[klibc] [PATCH 0/1] Porting klibc to AArch64
H. Peter Anvin
hpa at zytor.com
Wed Oct 9 16:06:19 PDT 2013
On 10/09/2013 08:49 AM, Neil Williams wrote:
>
>>> usr/klibc/arch/aarch64/Kbuild usr/klibc/arch/aarch64/MCONFIG
>>> usr/klibc/arch/aarch64/crt0.S usr/klibc/arch/aarch64/link.c
>>> usr/klibc/arch/aarch64/mknod.c usr/klibc/arch/aarch64/select.c
>>> usr/klibc/arch/aarch64/setjmp.S
>>> usr/klibc/arch/aarch64/symlink.c
>>> usr/klibc/arch/aarch64/syscall.S
>>> usr/klibc/arch/aarch64/sysstub.ph
>>> usr/klibc/arch/aarch64/vfork.S
>>
>> This looks very fishy! No other arch bothers to do such a rework
>> of those standard calls, what happens here?
>
> ARM took the chance with a brand new architecture to drop a range
> of deprecated calls. As well as dropping a range of 32bit support
> (like Thumb), ARM took the opportunity of having a clean start
> without support for deprecated calls.
>
I wouldn't call these calls "deprecated", but nevertheless, see below.
> e.g. one part of the patch is: -int _newselect,select::select(int,
> fd_set *, fd_set *, fd_set *, struct timeval *); +<!aarch64> int
> _newselect,select::select(int, fd_set *, fd_set *, fd_set *, struct
> timeval *);
>
> Others include: dup2, lchown32, chown32, stat64, lstat64, readlink,
> symlink, rmdir, mkdir, mknod ...
>
> There was a talk at FOSDEM 2013 which covered these changes. There
> is also documentation available from ARM, if you would like it.
>
> http://people.linaro.org/~rikuvoipio/aarch64-talk/#/
>
> http://people.linaro.org/~rikuvoipio/aarch64-talk/#/18/1
>
> http://people.linaro.org/~rikuvoipio/aarch64-talk/#/18/2
>
> Anil & I are working with Riku (the author of that paper) in
> Linaro.
>
> (I'm using my debian.org email address because I started working
> on klibc support for Aarch64 before I started working at Linaro.)
>
>> I do have slight sympathies for vfork, but symlink, link, mknod
>> and select!?
>
> Yes.
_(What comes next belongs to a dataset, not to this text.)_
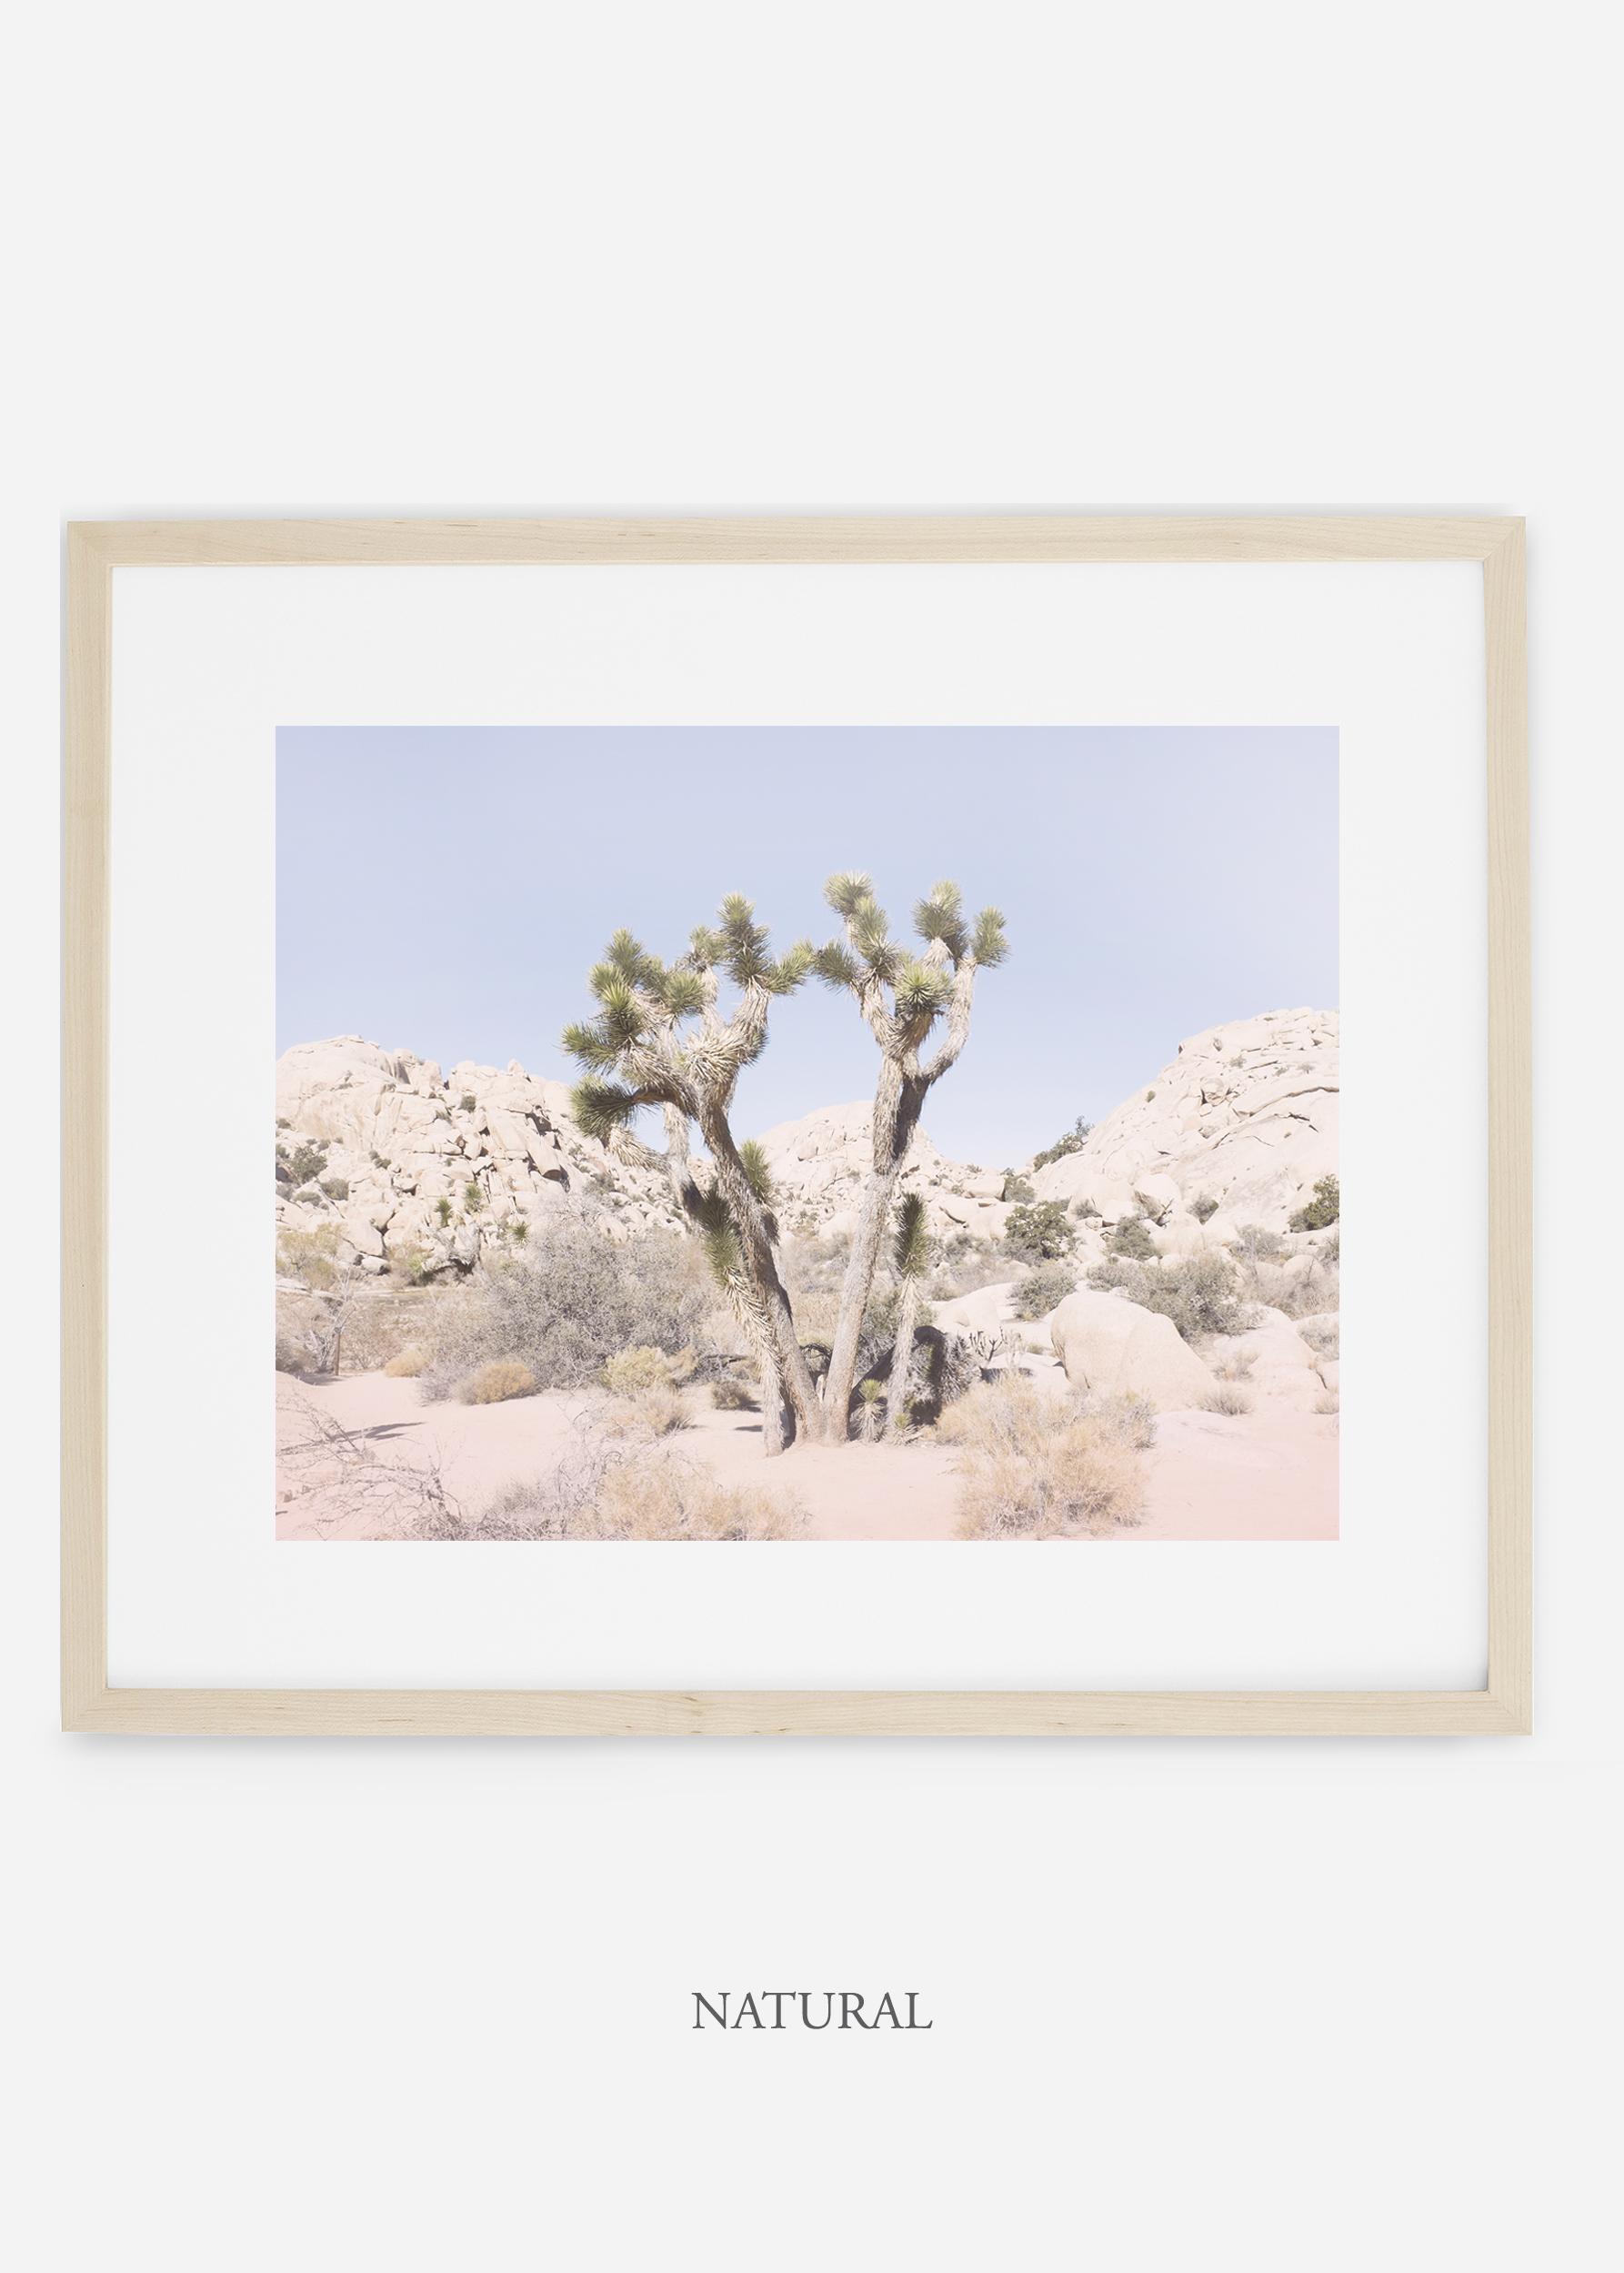 WilderCalifornia_natural_JoshuaTree_No.16_interiordesign_prints_art.jpg

The system calls are already deprecated, so the new
> architecture simply doesn't implement what is already deprecated.
>
> pre-at system calls are also removed and calls like pipe have been
> removed in favour of only providing pipe2. etc.
>
That is not how we handle that in klibc.
Instead put the emulation code in the specific kernel area, and put a
<?> in front of the system call (meaning optional).
The emulation code then is fenced with:
#ifndef __NR_foo
#endif /* __NR_foo */
... which means the emulation code compiles to 0 bytes on systems
which already have that.
Look at how time() is handled for a very simple example.
Also, Linux calls this architecture "arm64", please use that name.